1988 World Junior Championships in Athletics
- Host city: Sudbury, Canada
- Nations: 123
- Athletes: 1024
- Events: 41
- Dates: 27–31 July
- Main venue: Laurentian University Stadium

= 1988 World Junior Championships in Athletics =

International athletics competition

The 1988 World Junior Championships in Athletics was the 1988 edition of the World Junior Championships in Athletics, held in Sudbury, Ontario, Canada from July 27 to July 31, 1988.

==Planning==
The city's bid to host the games was accepted in 1986, winning over Cali, Colombia. In addition to the International Association of Athletics Federations's concerns about the political instability of Colombia at the time, Sudbury had recently established a strong reputation in sporting circles due to its hosting of the 1980 Pan American Junior Athletics Championships, as well as Alex Baumann's world record performance in swimming at the 1984 Summer Olympics.

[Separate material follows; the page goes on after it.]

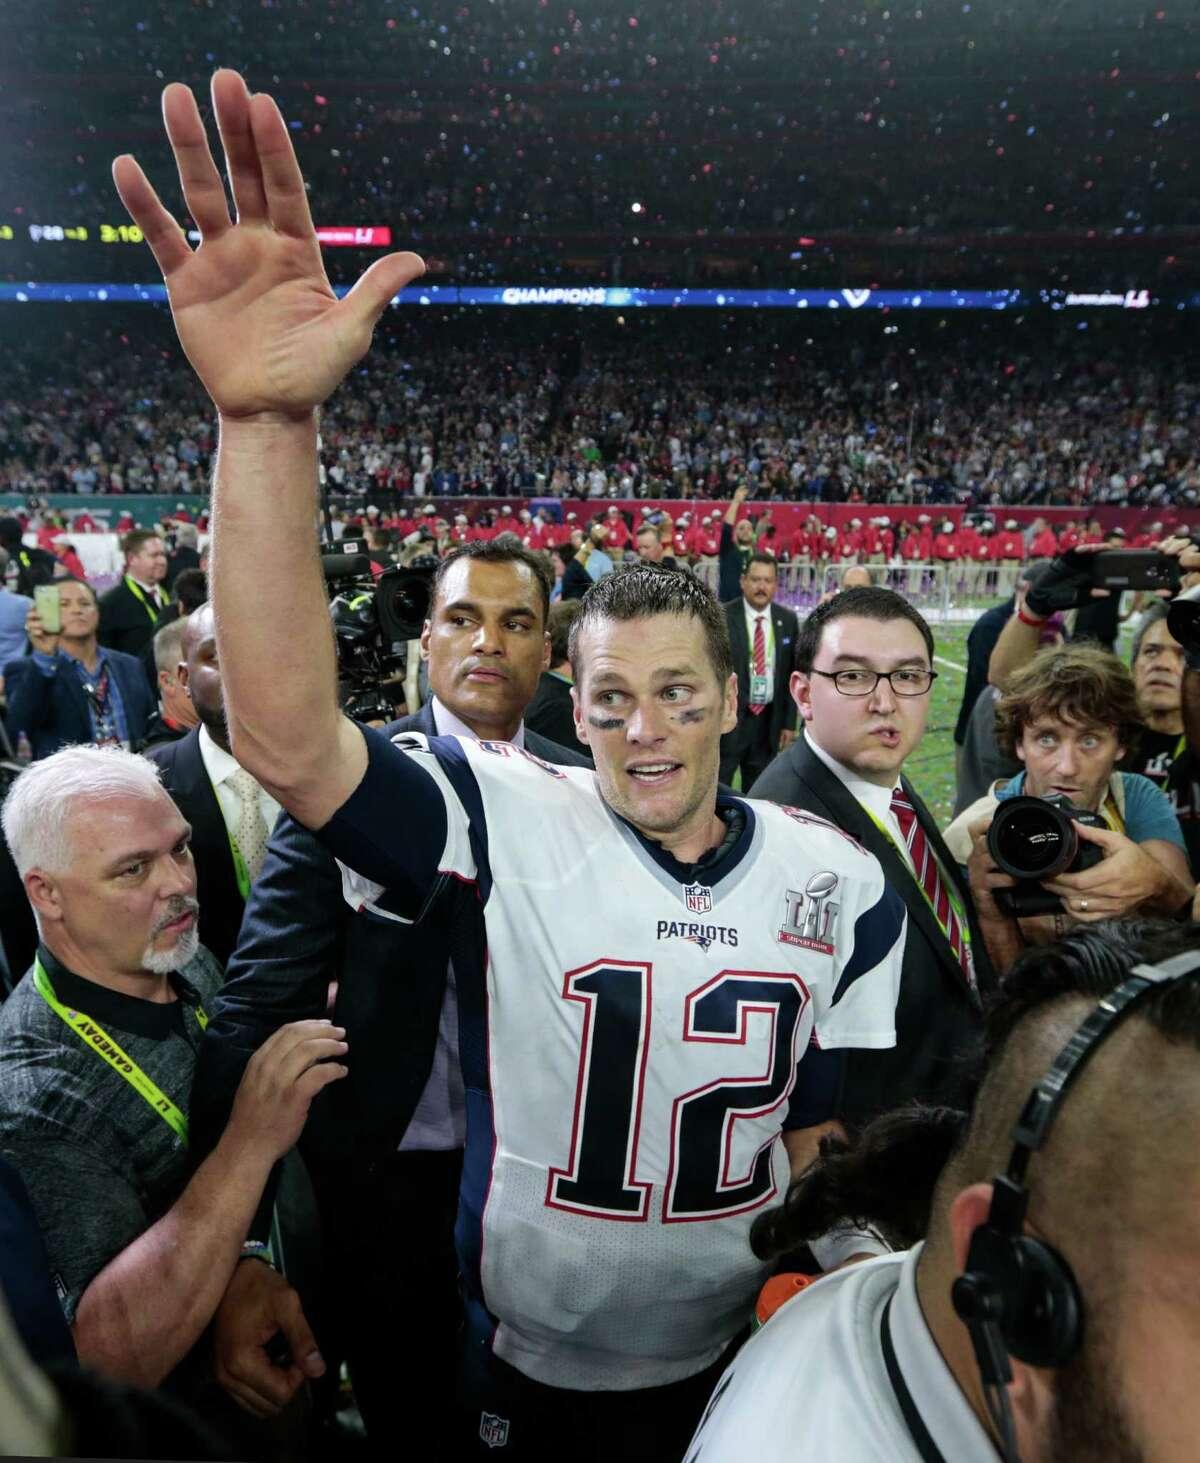 Tom Brady's Super Bowl jersey has been found after FBI help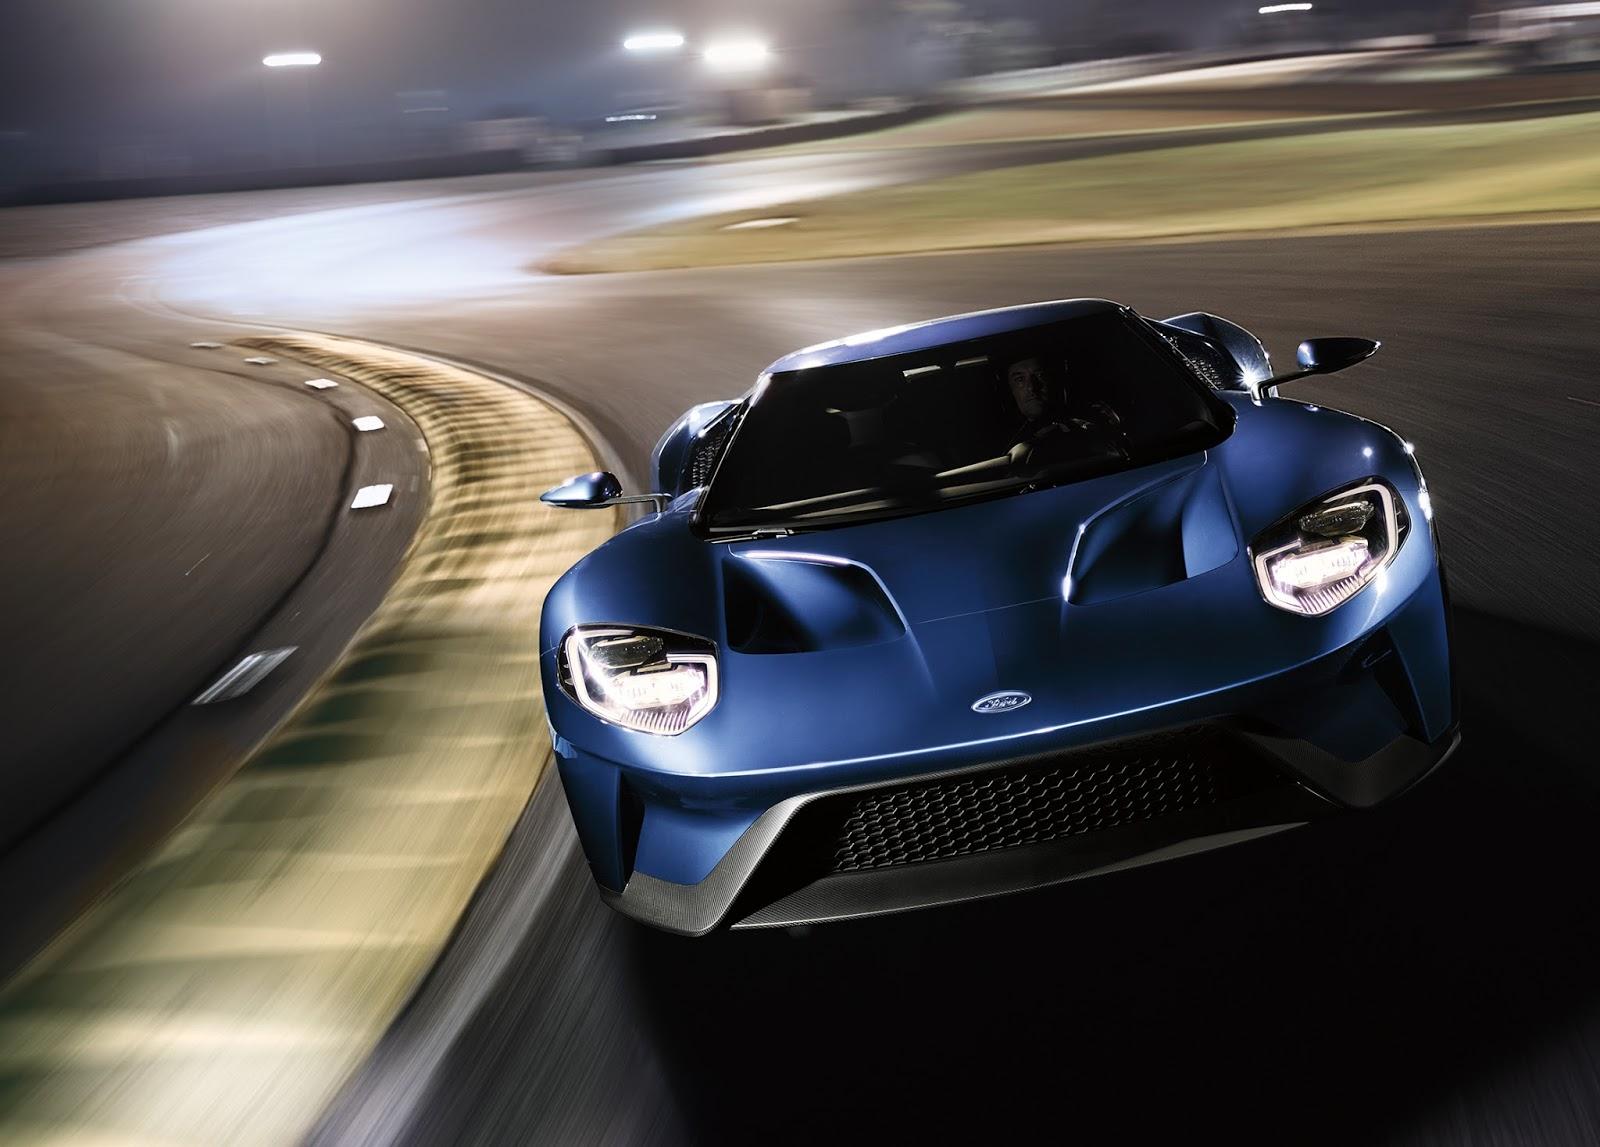 17 MISC GTOnTrack mn Το νέο Ford GT είναι το ταχύτερο μοντέλο παραγωγής στην ιστορία της Ford

Despite this, IAAF president Primo Nebiolo personally opposed the selection, arguing that the city was not large or world-famous enough to be an appropriate host city for the event. Over the next two years, Nebiolo lobbied several times to have the games pulled from the city, in turn causing difficulties for the city in securing sufficient funding from corporate and government sponsors. As late as ten days before the event was to begin, the event still faced a significant budget gap in its broadcasting contracts, with Nebiolo again threatening to pull the games from the city before a last-minute donation from the Canadian Track and Field Association covered the shortfall.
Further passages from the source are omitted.